The size, in points, of the largest cluster drawn on the graph. Cluster sizes will be scaled between the min and max sizes.

embedding : default: ‘mds’

The algorithm used to embed the cluster centers in 2 dimensional space so that the distance between clusters is represented equivalently to their relationship in feature spaceself. Embedding algorithm options include:

  • mds: multidimensional scaling
  • tsne: stochastic neighbor embedding
scoring : default: ‘membership’

The scoring method used to determine the size of the clusters drawn on the graph so that the relative importance of clusters can be viewed. Scoring method options include:

  • membership: number of instances belonging to each cluster
legend : bool, default: True

Whether or not to draw the size legend onto the graph, omit the legend to more easily see clusters that overlap.

legend_loc : str, default: “lower left”

The location of the legend on the graph, used to move the legend out of the way of clusters into open space. The same legend location options for matplotlib are used here.
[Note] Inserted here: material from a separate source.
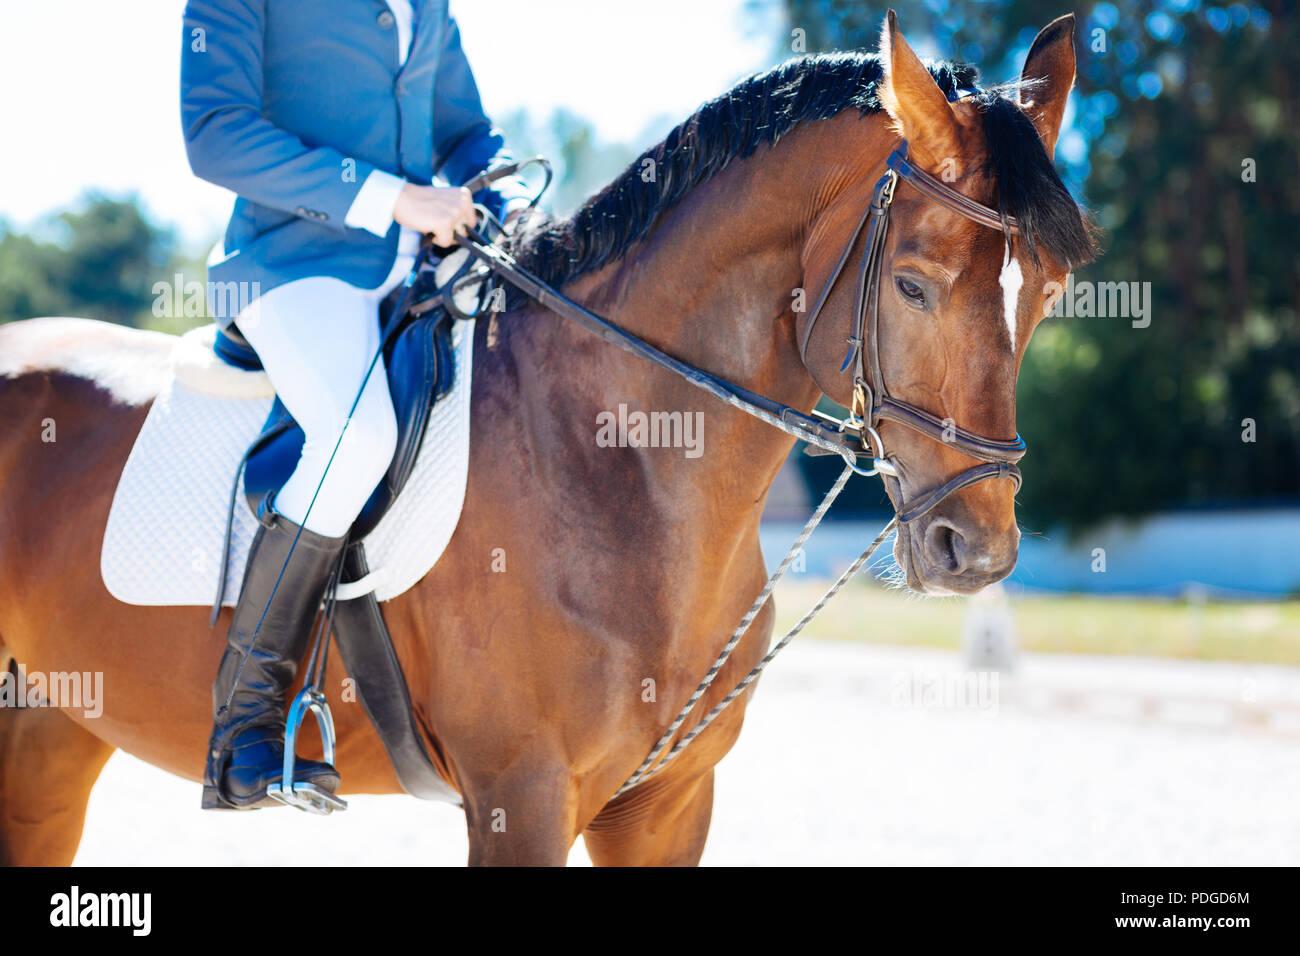 Experienced a horseman enjoying his favorite activity - Stock Image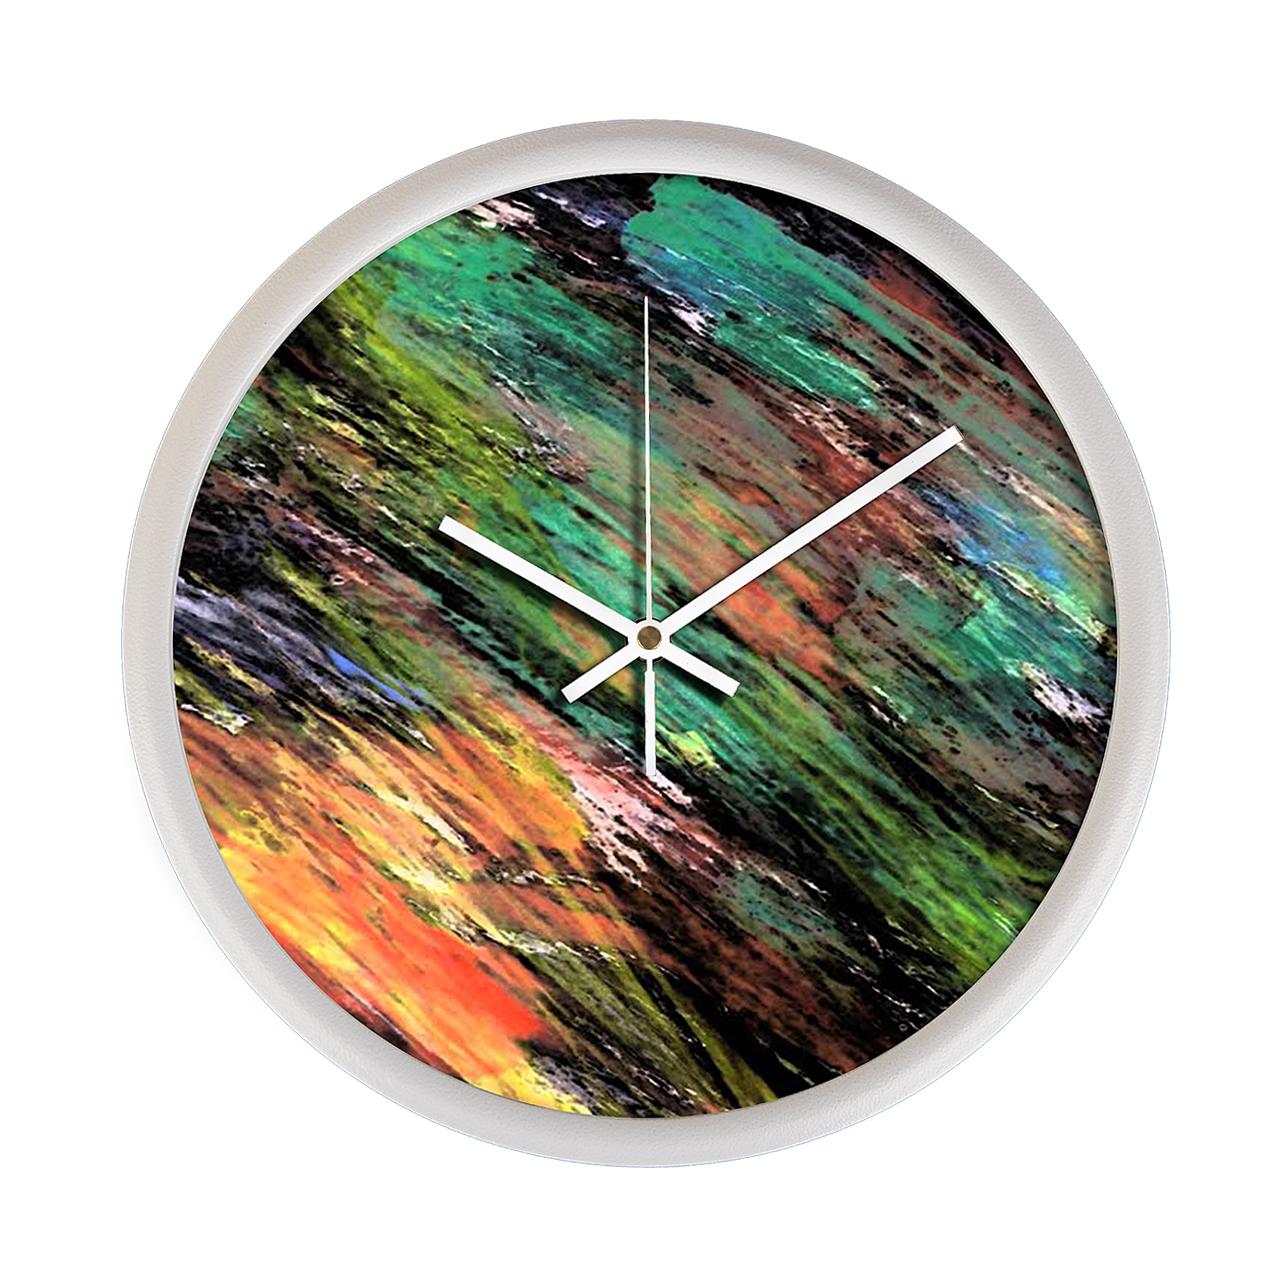 ساعت دیواری مینی مال لاکچری مدل 35Dio3_0143

legend_size : float, default: 1.5

The size, in inches, of the size legend to inset into the graph.

random_state : int or RandomState, default: None

Fixes the random state for stochastic embedding algorithms.

kwargs : dict

Keyword arguments passed to the base class and may influence the feature visualization properties.

Notes

Currently the only two embeddings supportted are MDS and TSNE. Soon to follow will be PCoA and a customized version of PCoA for LDA. The only supported scoring metric is membership, but in the future, silhouette scores and cluster diameter will be added.

In terms of algorithm support, right now any clustering algorithm that has a learned cluster_centers_ and labels_ attribute will work with the visualizer. In the future, we will update this to work with hierarchical clusterers that have n_components and LDA.

Attributes:
cluster_centers_ : array of shape (n_clusters, n_features)

Searches for or creates cluster centers for the specified clustering algorithm.

embedded_centers_ : array of shape (n_clusters, 2)

The positions of all the cluster centers on the graph.

scores_ : array of shape (n_clusters,)

The scores of each cluster that determine its size on the graph.

fit_time_ : Timer

The time it took to fit the clustering model and perform the embedding.

cluster_centers_

Searches for or creates cluster centers for the specified clustering algorithm. This algorithm ensures that that the centers are appropriately drawn and scaled so that distance between clusters are maintained.

draw()[source]

Draw the embedded centers with their sizes on the visualization.

finalize()[source]

Finalize the visualization to create an “origin grid” feel instead of the default matplotlib feel. Set the title, remove spines, and label the grid with components. This function also adds a legend from the sizes if required.

fit(X, y=None)[source]

Fit the clustering model, computing the centers then embeds the centers into 2D space using the embedding method specified.

lax

Returns the legend axes, creating it only on demand by creating a 2” by 2” inset axes that has no grid, ticks, spines or face frame (e.g is mostly invisible). The legend can then be drawn on this axes.

transformer

Creates the internal transformer that maps the cluster center’s high dimensional space to its two dimensional space.